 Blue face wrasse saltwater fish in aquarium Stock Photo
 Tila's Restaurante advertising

□ □ □

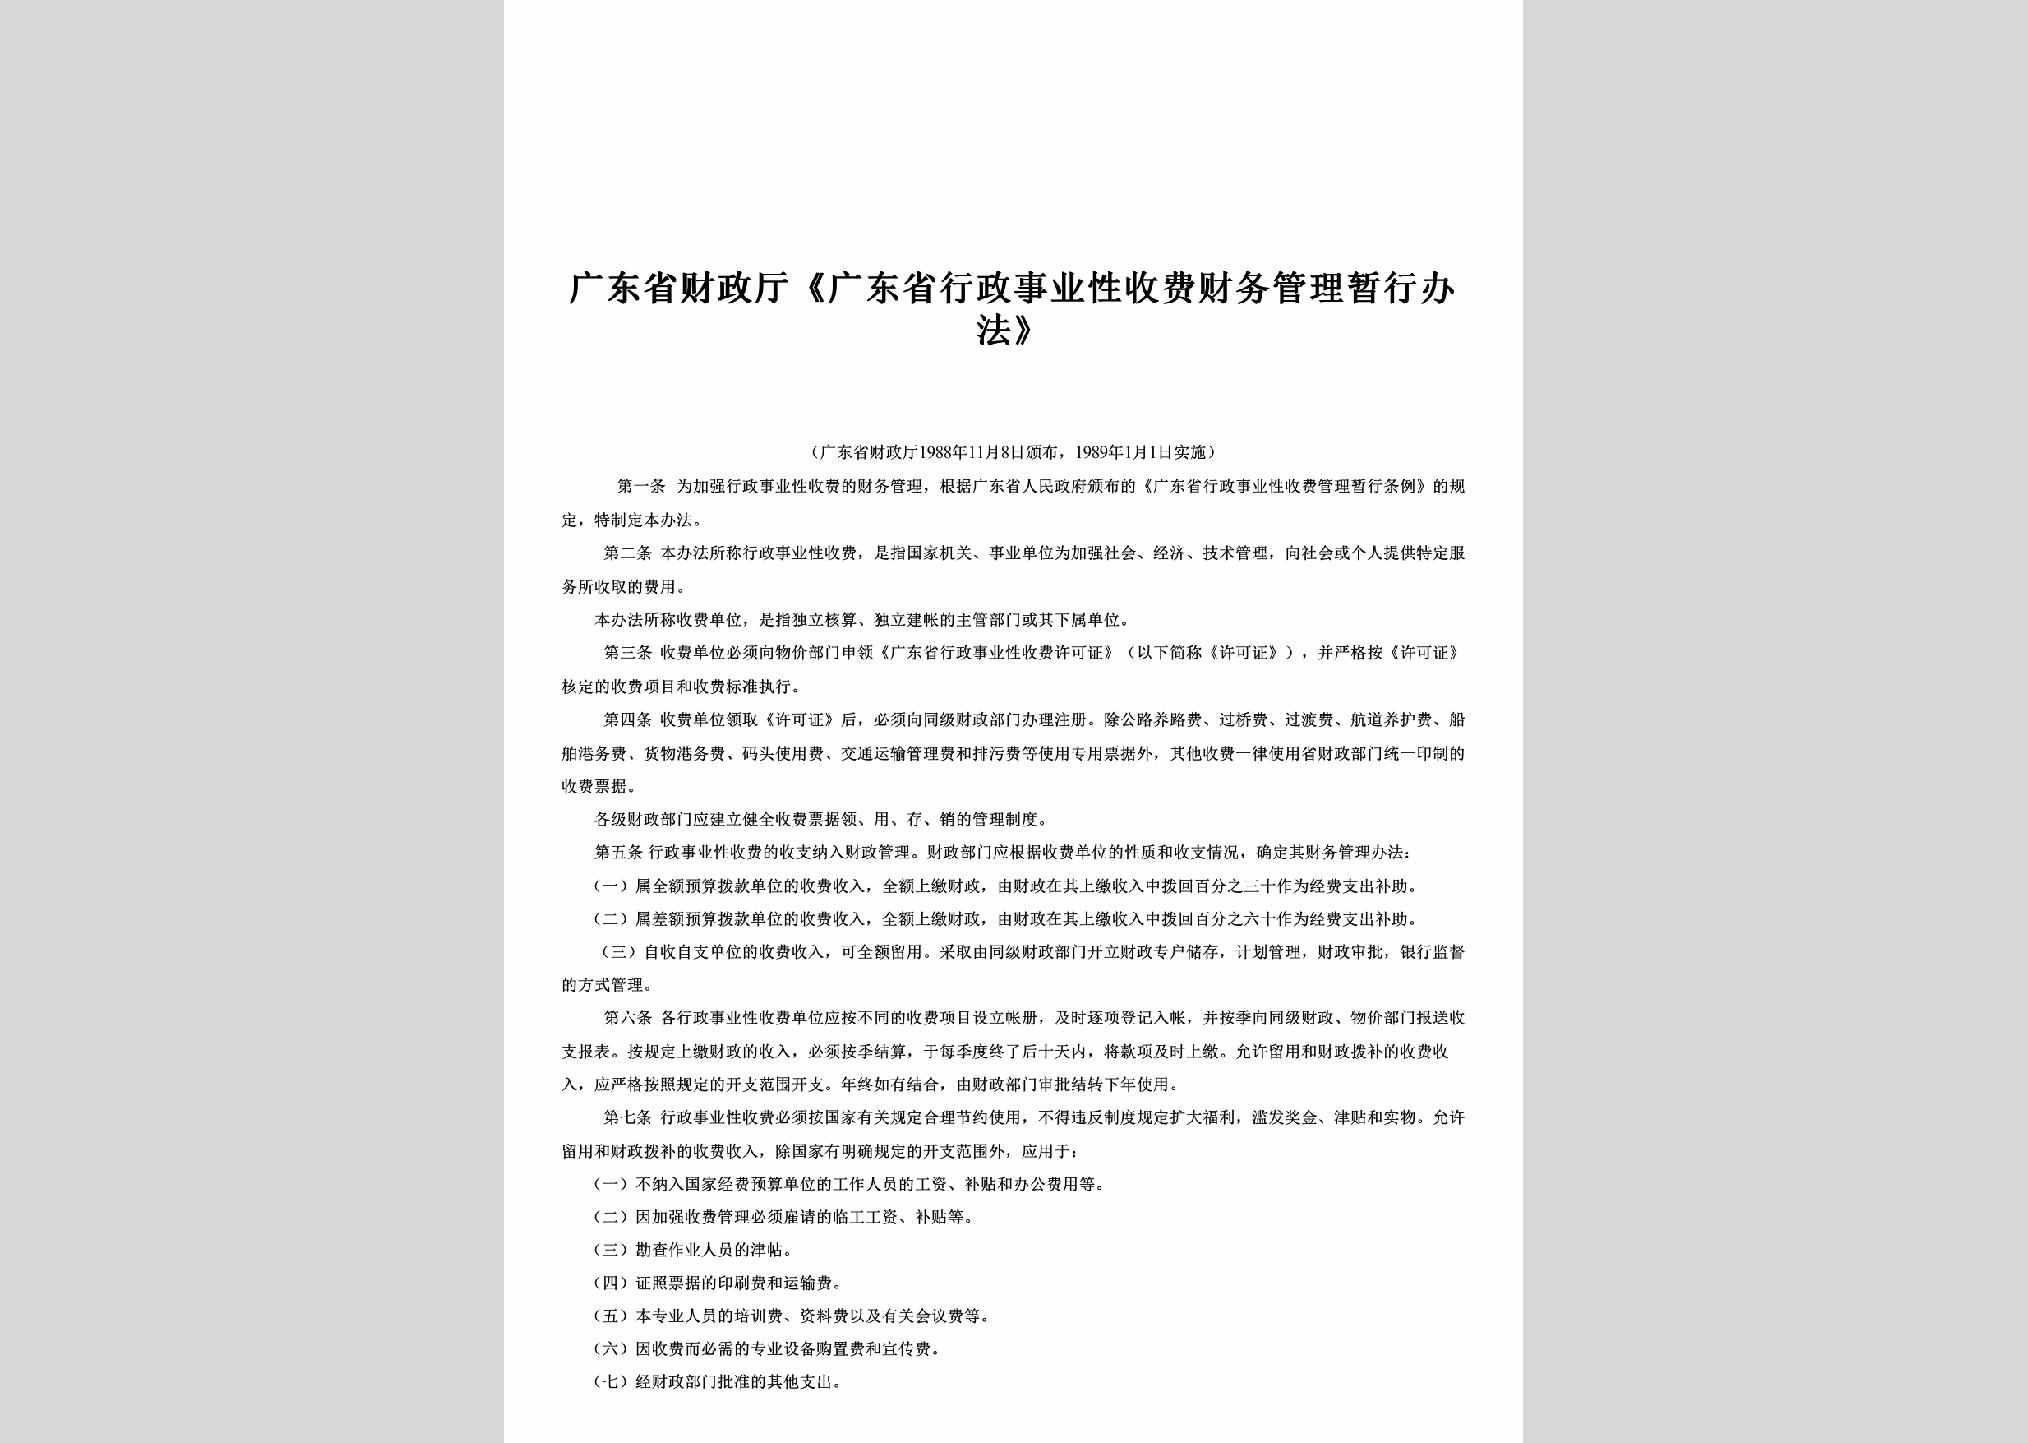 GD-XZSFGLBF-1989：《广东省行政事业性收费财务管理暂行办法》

□ □ □

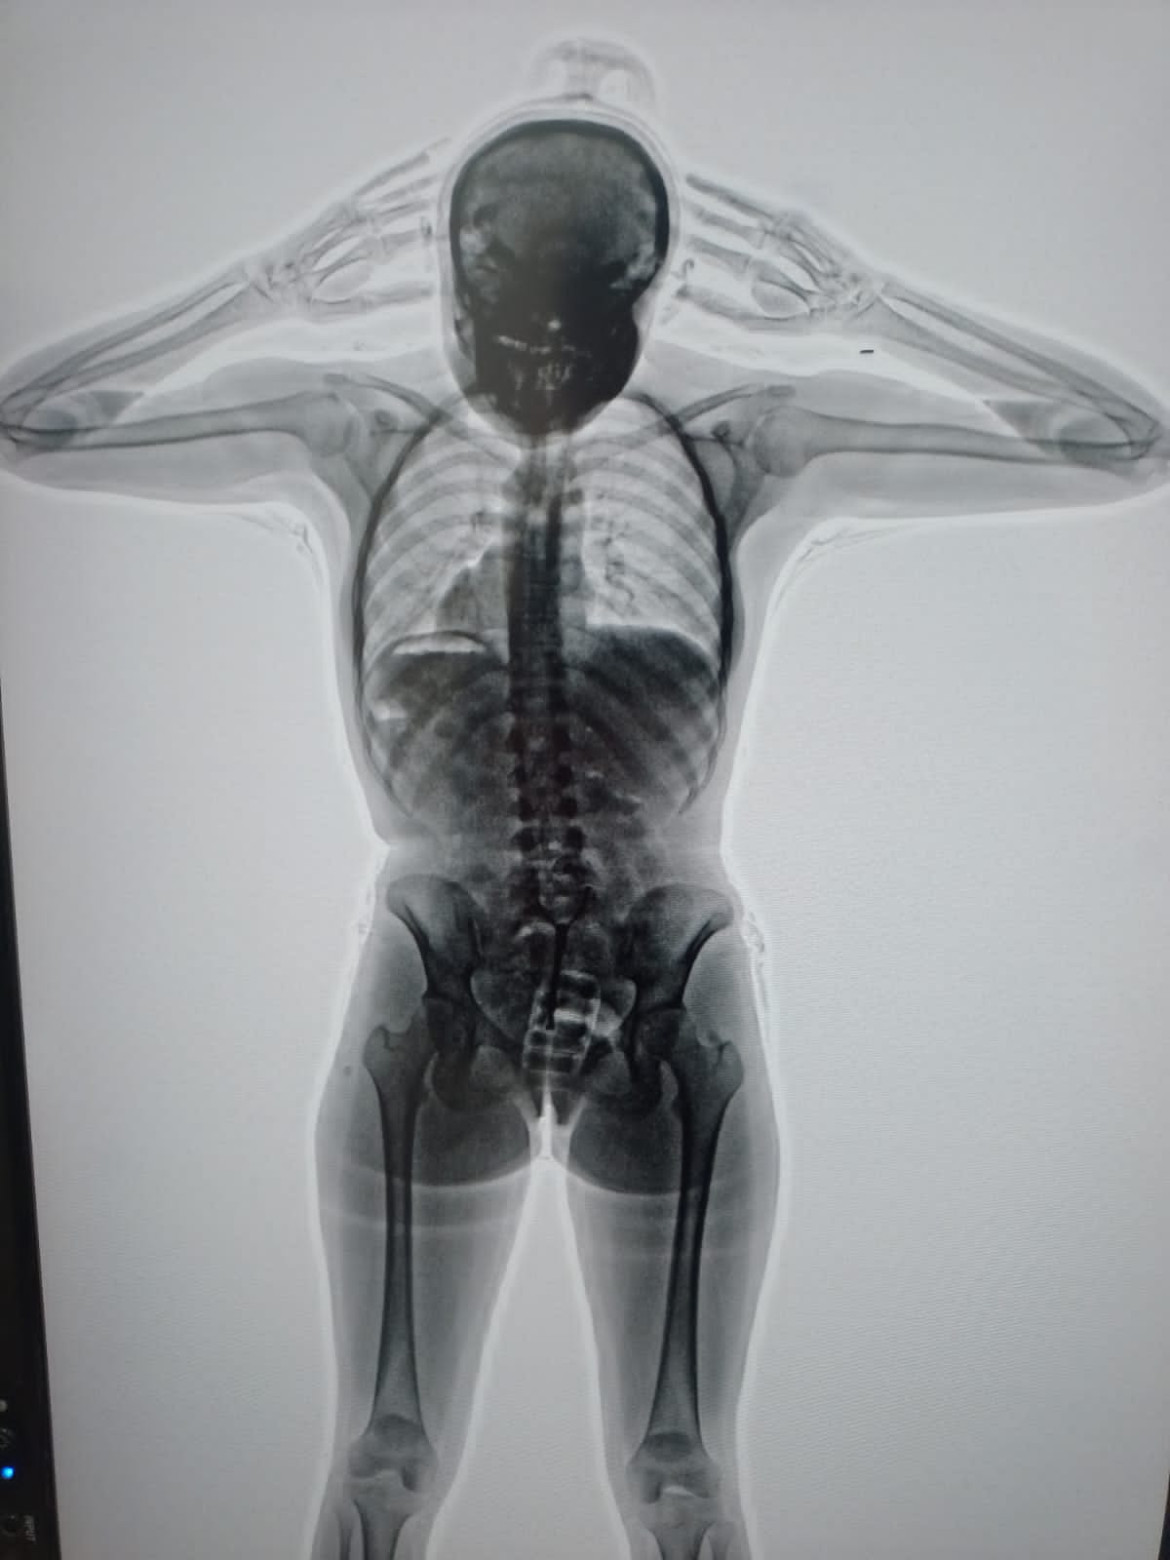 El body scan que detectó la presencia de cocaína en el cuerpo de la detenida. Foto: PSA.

□ □ □

Work instructions:
As listed above, the lines from the line with "Blue face wrasse" to the line with "Tila's Restaurante advertising" are to be echoed exactly, with both ends included and nothing added.

Answer:
 Blue face wrasse saltwater fish in aquarium Stock Photo
 Tila's Restaurante advertising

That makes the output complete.